Variational calculus with the Lagrangian function not explicitly dependent on $y'$

Question

The standard problem in variational calculus is that given the functional

$F[f]=\int_a^b \textrm{d}x f(x, y, y'),$ where $y\equiv y(x)$,

find $y(x)$ that extremizes $F[f]$ under the boundary conditions: $y(a)=y_a$ and $y(b)=y_b$.

Extremizing $F[f]$ yields the Euler-Lagrange equations that are essentially ODEs that $y(x)$ satisfies which are then solved under the given boundary conditions to obtain the desired $y(x)$.

My question is: Will this formalism work for functions $f$ that do not have any dependence on the derivative of y?

In the context of my problem simply applying the above yields an equation in y(x) -- so not an ODE and thus there is no reason to expect that such an equation will satisfy the boundary conditions and indeed it does not.

I want to know what the conceptual difficulty is in such cases. From what I understand it has to do with the fact that only when we have an explicit dependence on the derivative of $y$ in $f$ that we would obtain an ODE in $y$ and then it becomes a standard problem of solving the ODE under the given boundary conditions. However, I am not entirely sure.

Moreover, is there any other way to solve such problems?
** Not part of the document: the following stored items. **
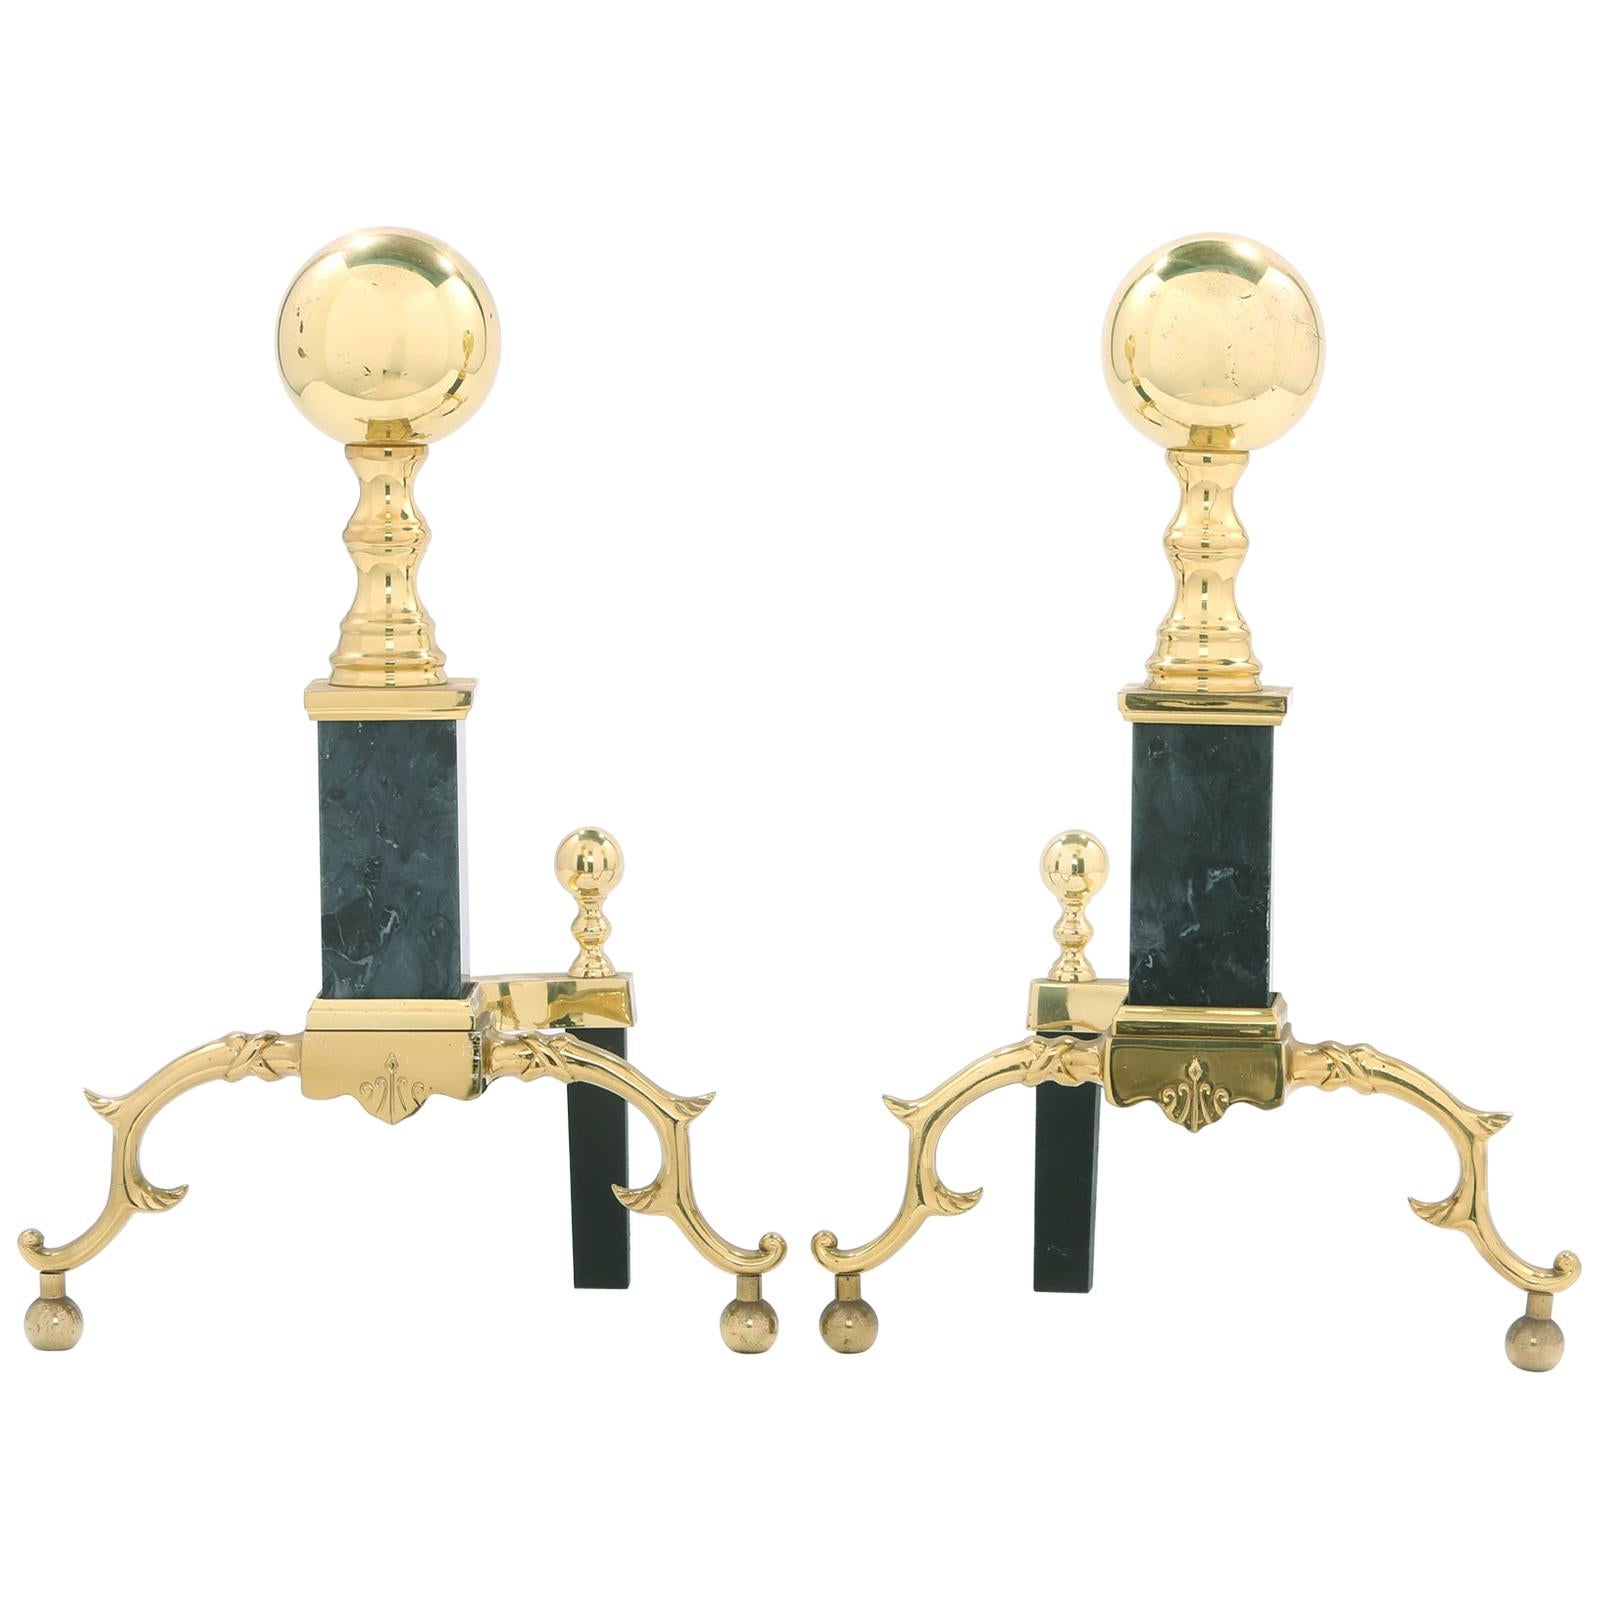 Solid Brass / Marble Pair Regency Style Andirons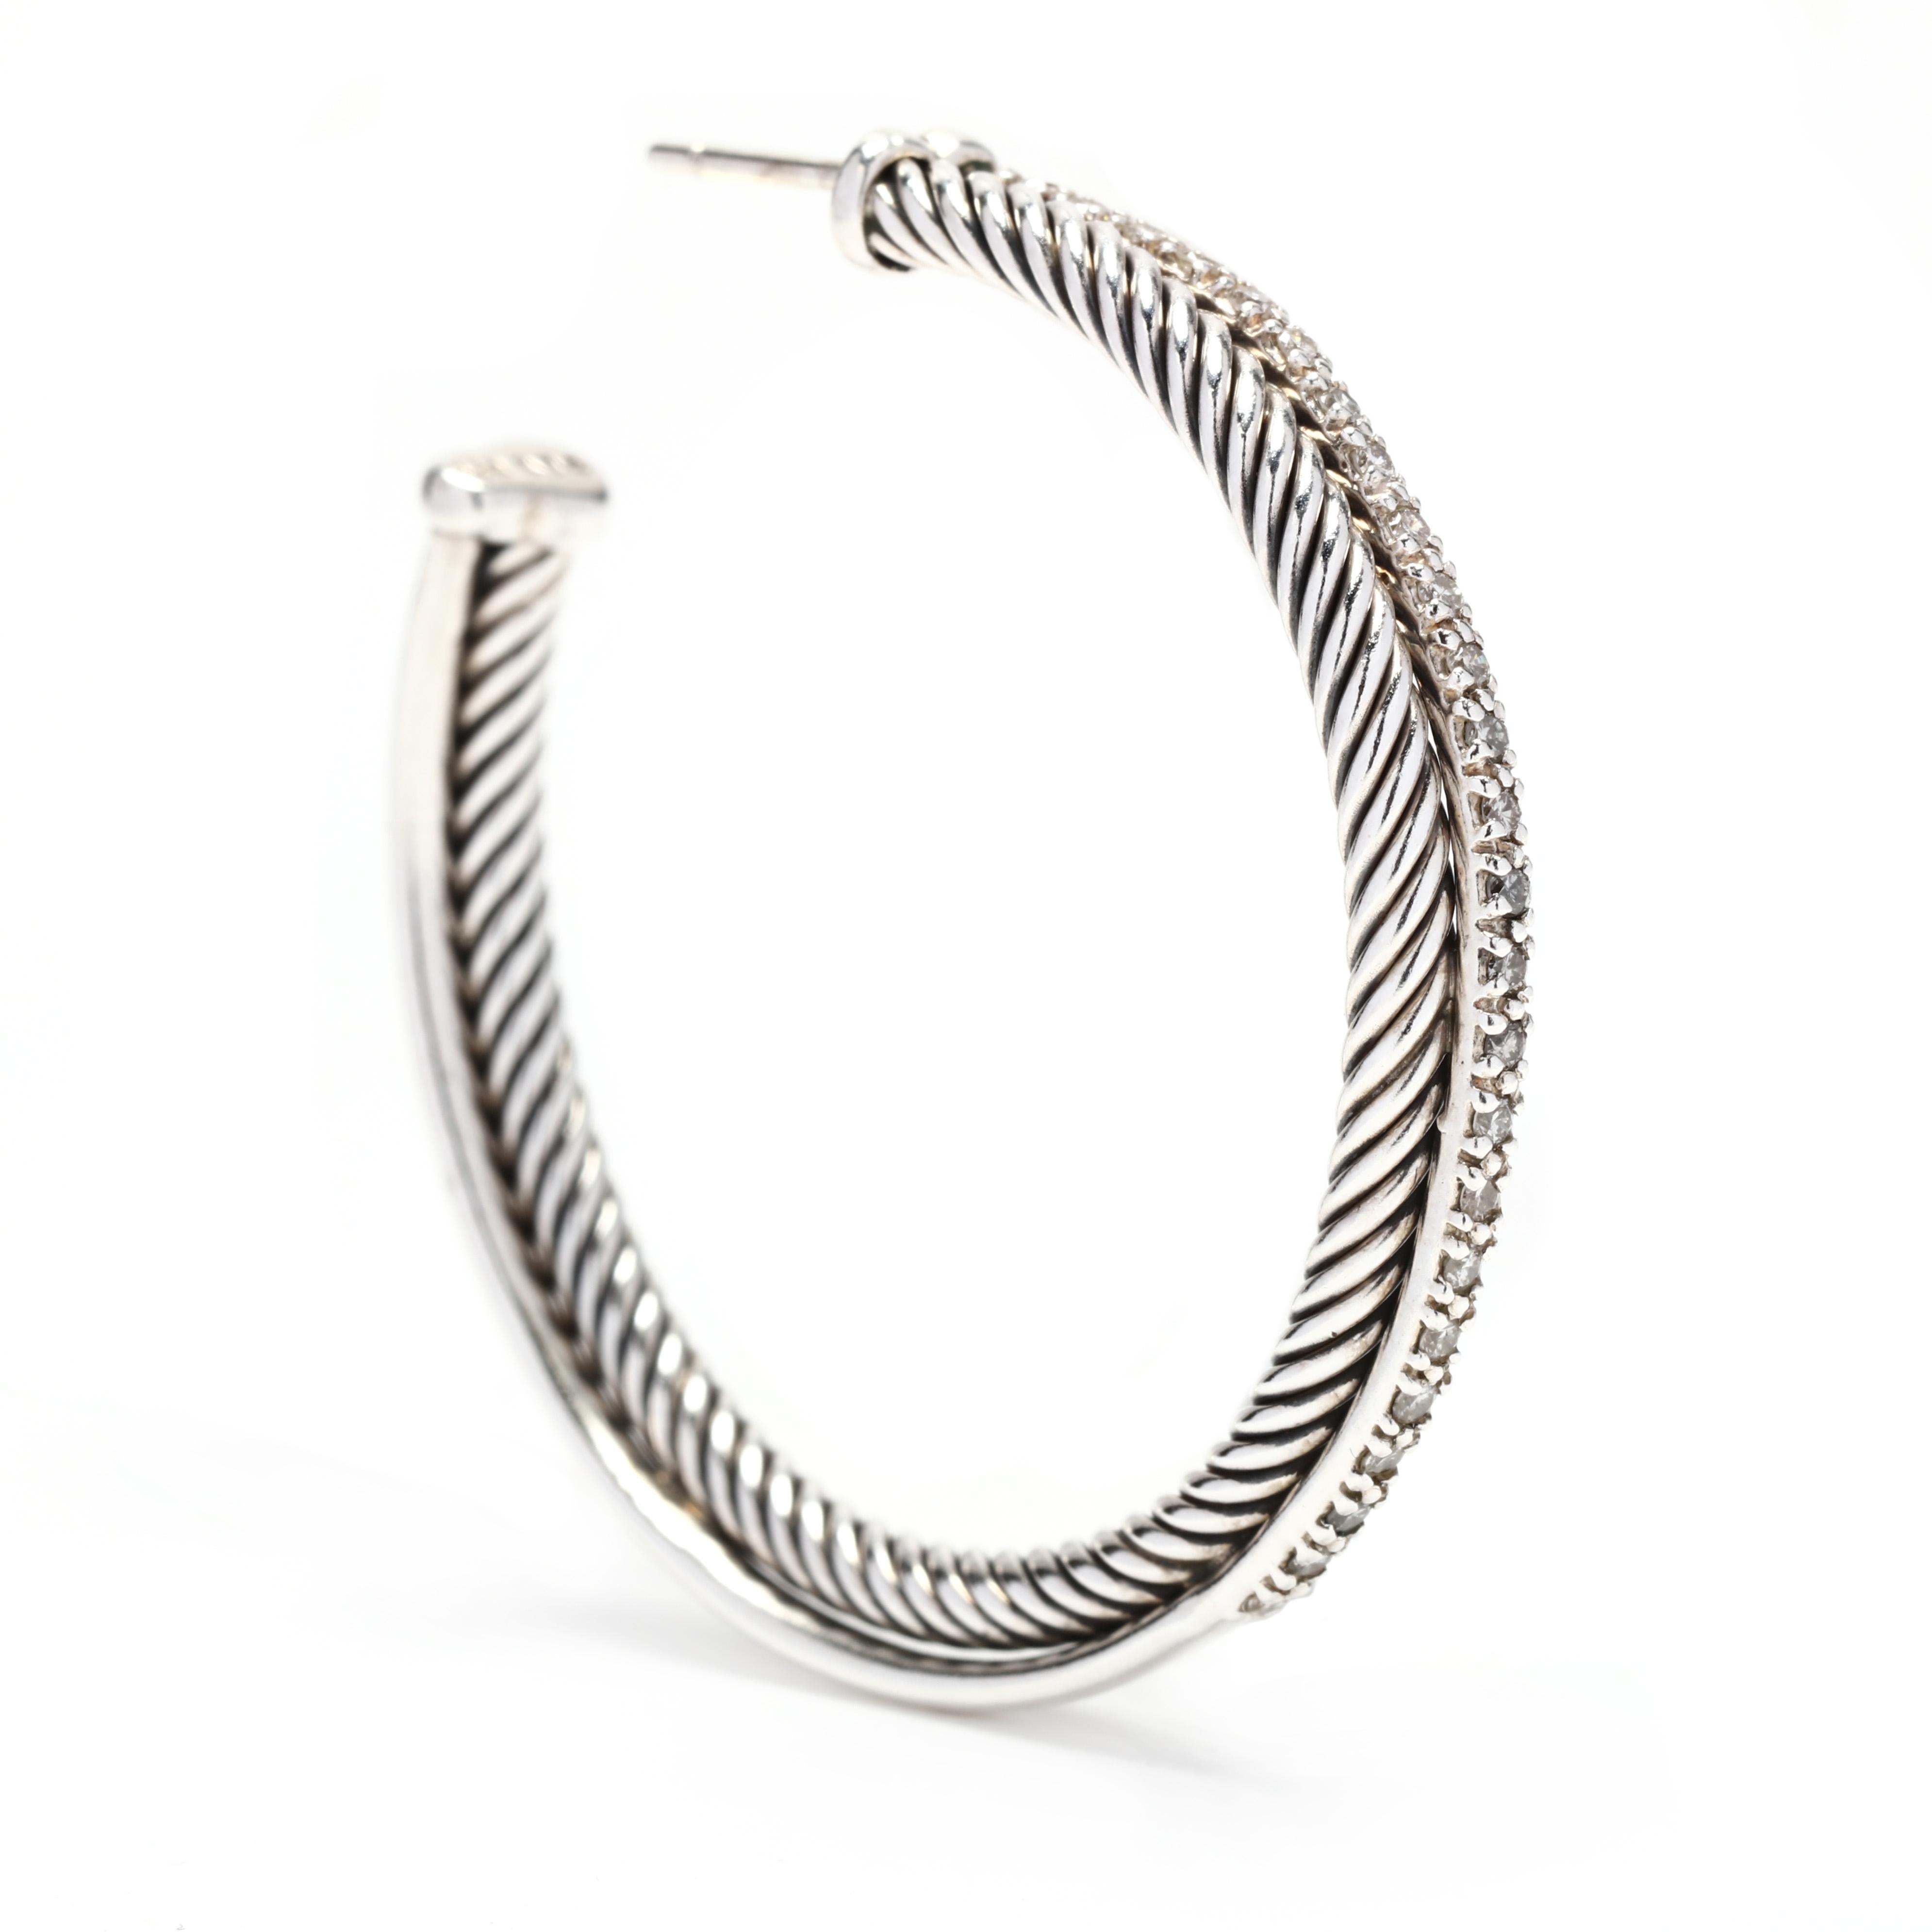 A pair of David Yurman sterling silver diamond x-large crossover hoop earrings. These earrings feature a cable motif hoop with a diamond set crossover weighing approximately .53 total carats and with post and push backs.



Stones:

- diamonds, 50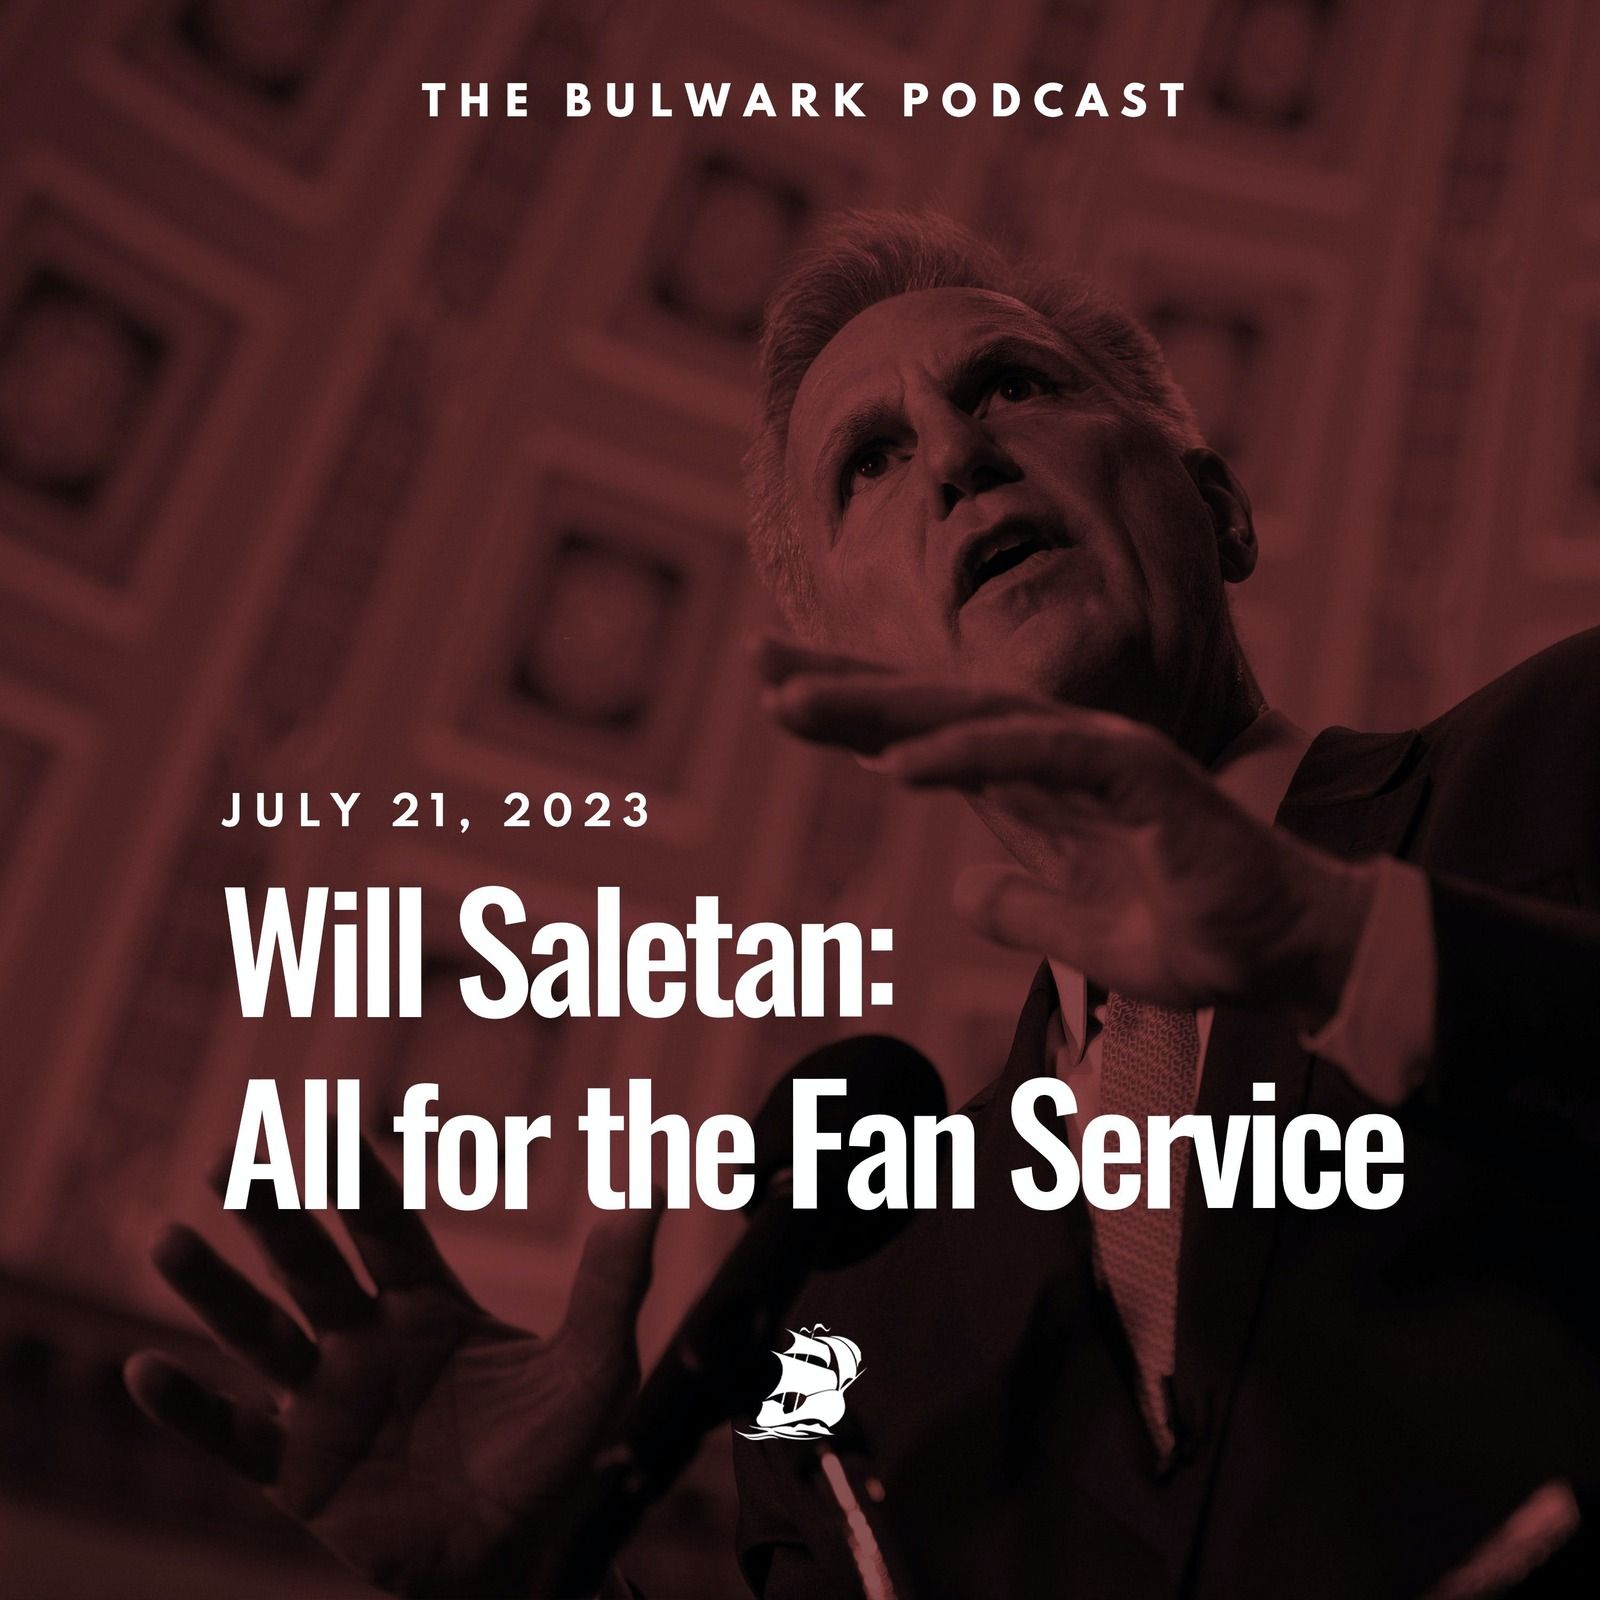 Will Saletan: All for the Fan Service by The Bulwark Podcast

Any remark or reference would be of great help.

Answer 1

More generally, variational problems with an $N$'th-order Lagrangian $$L(x,y(x), y^{\prime}(x), y^{\prime\prime}(x),\ldots, y^{(N)}(x)),$$ with 1 independent variable $x$, generically has an EL equation that is an ODE of order $2N$, and therefore requires $2N$ boundary conditions (BCs) to be well-posed. More BCs would overdetermine the solution to the EL equation.

Returning to OP's question, a $0$'th-order Lagrangian $L(x,y(x))$ [which corresponds to a so-called static problem if we identify $x$ with time] generically needs no BCs.

Answer 2

I've read this question a few times over the last couple of months and, while the existing answer gives the technical answer, I had trouble gaining an intuition of why it doesn't work. That is, why don't the standard Euler-Lagrange equations give an answer to this seemingly valid problem as given in the question?

Given the functional

$F[f]=\int_a^b \textrm{d}x f(x, y),$ where $y\equiv y(x)$,

find $y(x)$ that extremizes $F[f]$ under the boundary conditions: $y(a)=y_a$ and $y(b)=y_b$.

And, as the question initially asked, is there a way to modify the formalism to get a solution?

My understanding is that the issue is that the problem doesn't pose any constraint on $y(x)$'s continuity. So if the solution to the problem without the boundary conditions is $y(x)=Y(x)$, then the solution with the boundary conditions is

$$ y(x) = \begin{cases} y_a & \text{if } x=a \\ y_b & \text{if } x=b \\ Y(x) & \text{otherwise,} \end{cases} $$

which is not terribly helpful.

If you add a derivative term to $F$ that prevents the derivative from going too high, like $\frac{1}{2}my'^2$, then that effectively enforces differentiability and therefore continuity.